Comment 22 Christian Faulhammer (RETIRED) gentoo-dev 2010-01-02 14:01:24 UTC
stable x86
Comment 23 Dirkjan Ochtman gentoo-dev 2010-01-03 10:47:34 UTC
Christian: I don't think we want to have a stable 0.8.x yet. Upstream has considered 0.8.x unstable so far, and we haven't previously had a stable 0.8 yet, as far as I can see.
Comment 24 Kerin Millar 2010-01-03 11:14:09 UTC
Re: Comment 23 - Indeed. Why, even Arch Linux are sticking to 0.7.64, a distro whose motto appears to be "if upstream so much as twitches, pounce with all the ferocity of a rabid leopard!"

Re: Comment 21 - Thanks, but I don't think I could consistently cope with the duties/responsibilities (i.e. work) that would be entailed, and I don't identify with the culture anymore to the extent that I would have any notion as to where I would fit in. I just (contribute to|complain about) things that I use or am interested in from time to time, energy permitting, and don't encounter any impedance that can be attributed alone to my not being among the developer cognoscenti, most of the time.
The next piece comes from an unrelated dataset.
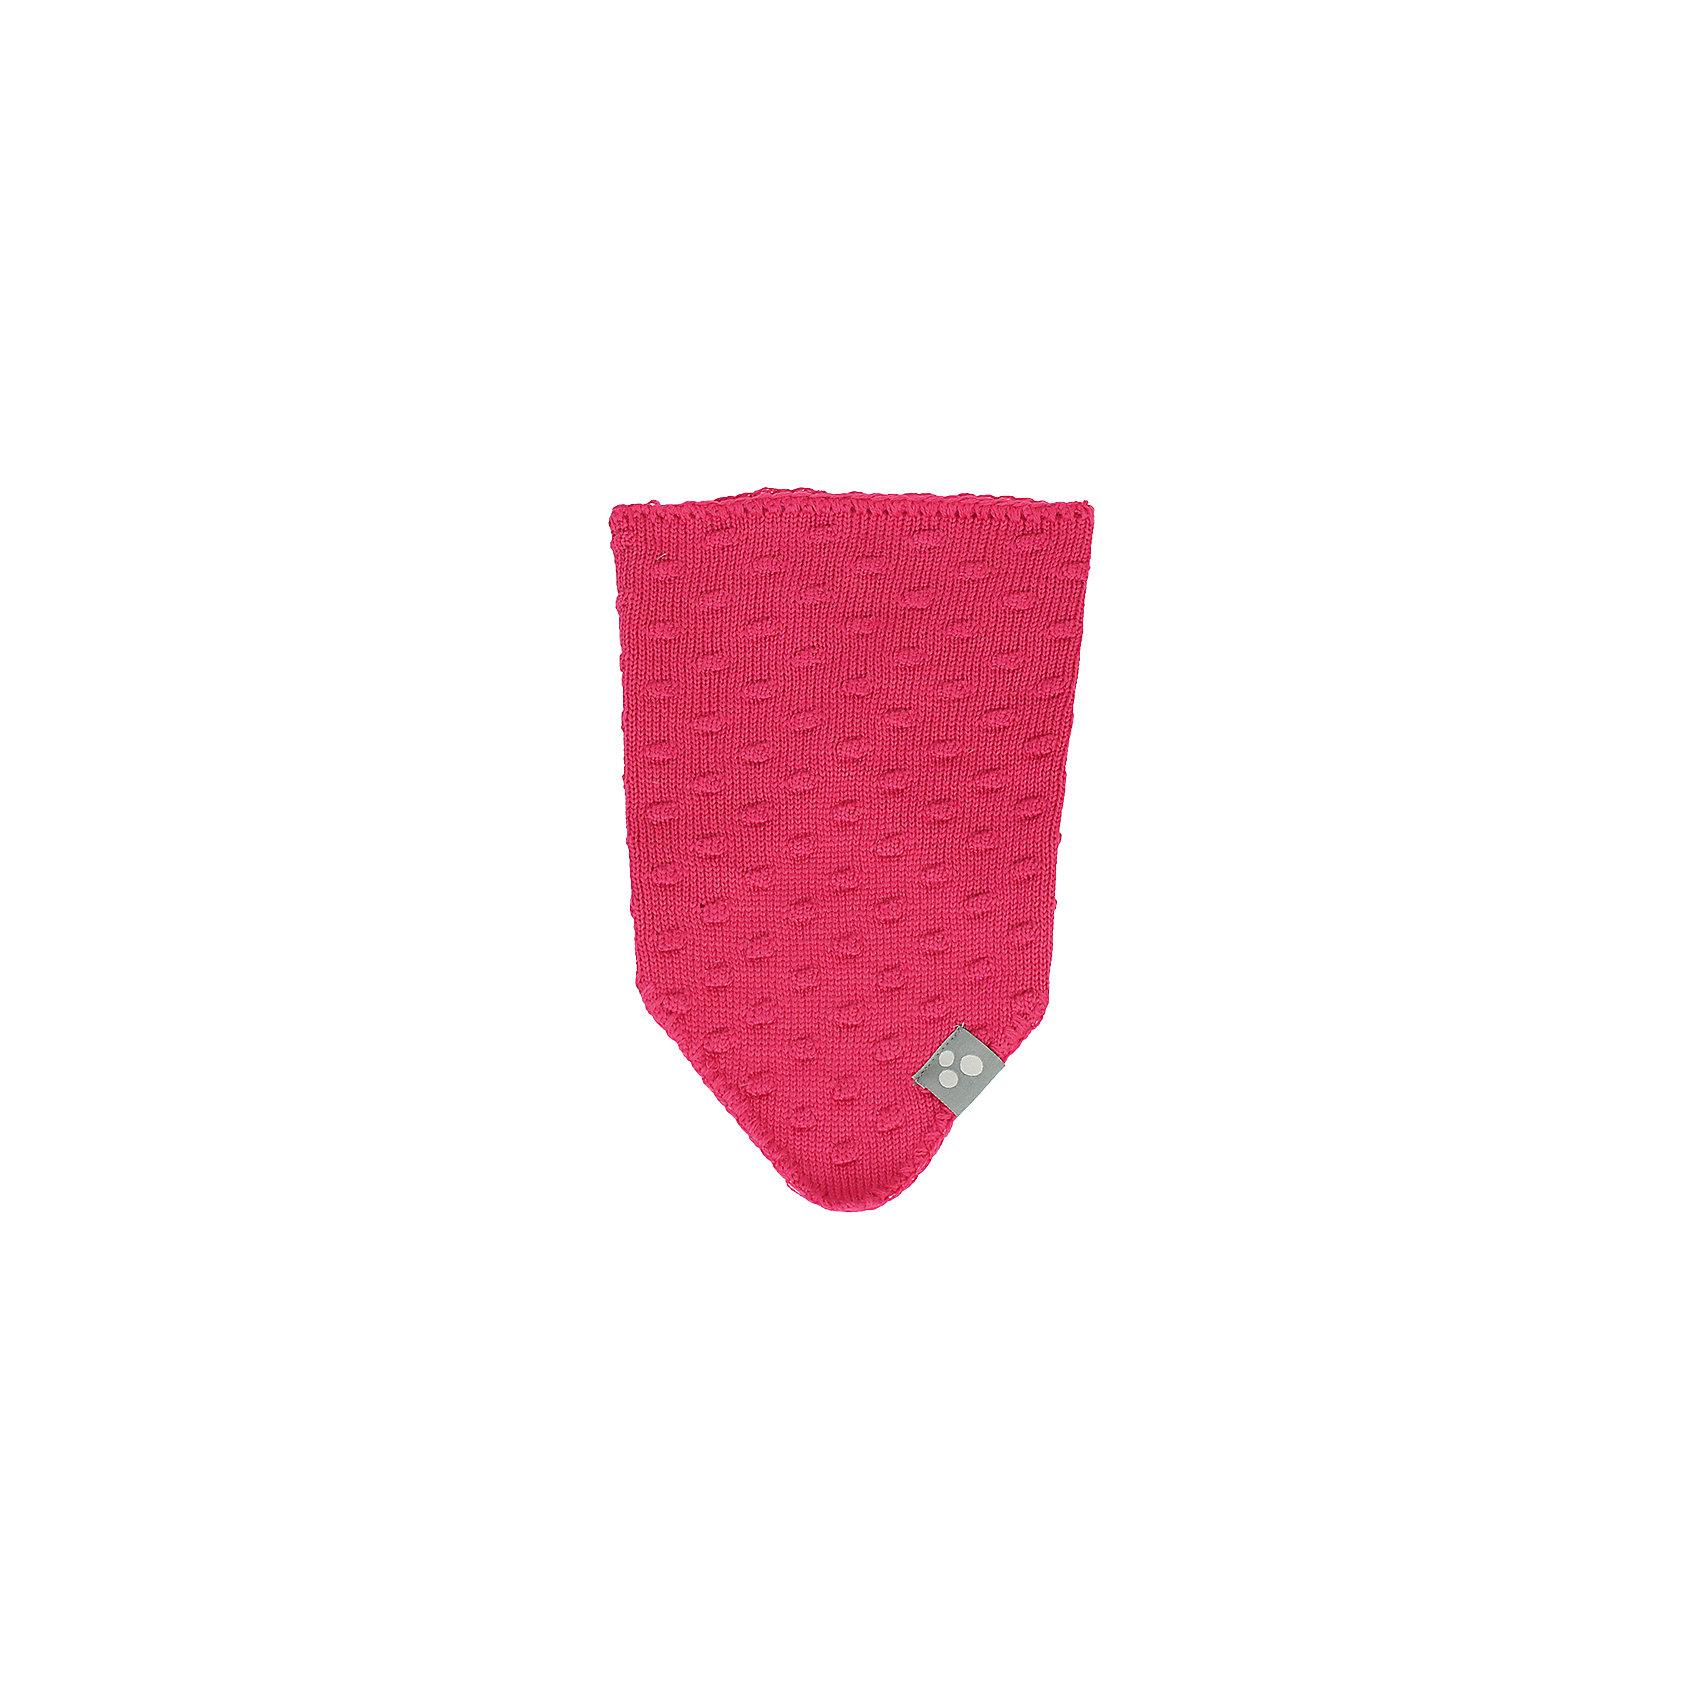 Манишка Huppa Lenna 1Верхняя одежда<br>Характеристики товара:<br><br>• модель: Lenna;<br>• цвет: фуксия;<br>• состав: 50% шерсть, 50% акрил;<br>• сезон: зима;<br>• температурный режим: от +5 до - 30С;<br>• застежка: три кнопки сзади;<br>• особенности: вязаная, шерстяная;<br>• светоотражающая нашивка;<br>• страна бренда: Финляндия;<br>• страна изготовитель: Эстония.<br><br>Детская манишка Lenna 1. Детская яркая манишка придаст индивидуальность и защитит шею вашего ребенка в холодную погоду. Манишка застегивается на три кнопки сзади.<br><br>Манишку Huppa Lenna 1 (Хуппа) можно купить в нашем интернет-магазине.<br><br>Ширина мм: 88<br>Глубина мм: 155<br>Высота мм: 26<br>Вес г: 106<br>Цвет: фуксия<br>Возраст от месяцев: 0<br>Возраст до месяцев: 3<br>Пол: Унисекс<br>Возраст: Детский<br>Размер: one size<br>SKU: 7027740

That's also a very subtle way of saying that the things I would like to change are not things that I think I could possibly change anyway.

I'm going to be a cheeky monkey now and ask amd64 to hurry along with the stabilisation for 0.7.64 ... thanks!
Comment 25 Markus Meier gentoo-dev 2010-02-01 19:41:39 UTC
amd64 stable, all arches done.
Comment 26 Dirkjan Ochtman gentoo-dev 2010-02-02 11:10:40 UTC
I think this can be closed now.
Comment 27 Stefan Behte (RETIRED) gentoo-dev Security 2010-02-06 15:49:12 UTC
No it can't.
Please see: http://www.gentoo.org/security/en/vulnerability-policy.xml

Ready to vote, I vote YES (together with the other nginx stuff).
Comment 28 Alex Legler (RETIRED) archtester Gentoo Infrastructure gentoo-dev Security 2010-03-04 11:55:05 UTC
YES too, added to request.
Comment 29 Benedikt Böhm (RETIRED) gentoo-dev 2010-05-30 07:17:21 UTC
glsa anyone?
Comment 30 GLSAMaker/CVETool Bot gentoo-dev 2012-03-28 10:59:22 UTC
This issue was resolved and addressed in
 GLSA 201203-22 at http://security.gentoo.org/glsa/glsa-201203-22.xml
by GLSA coordinator Sean Amoss (ackle).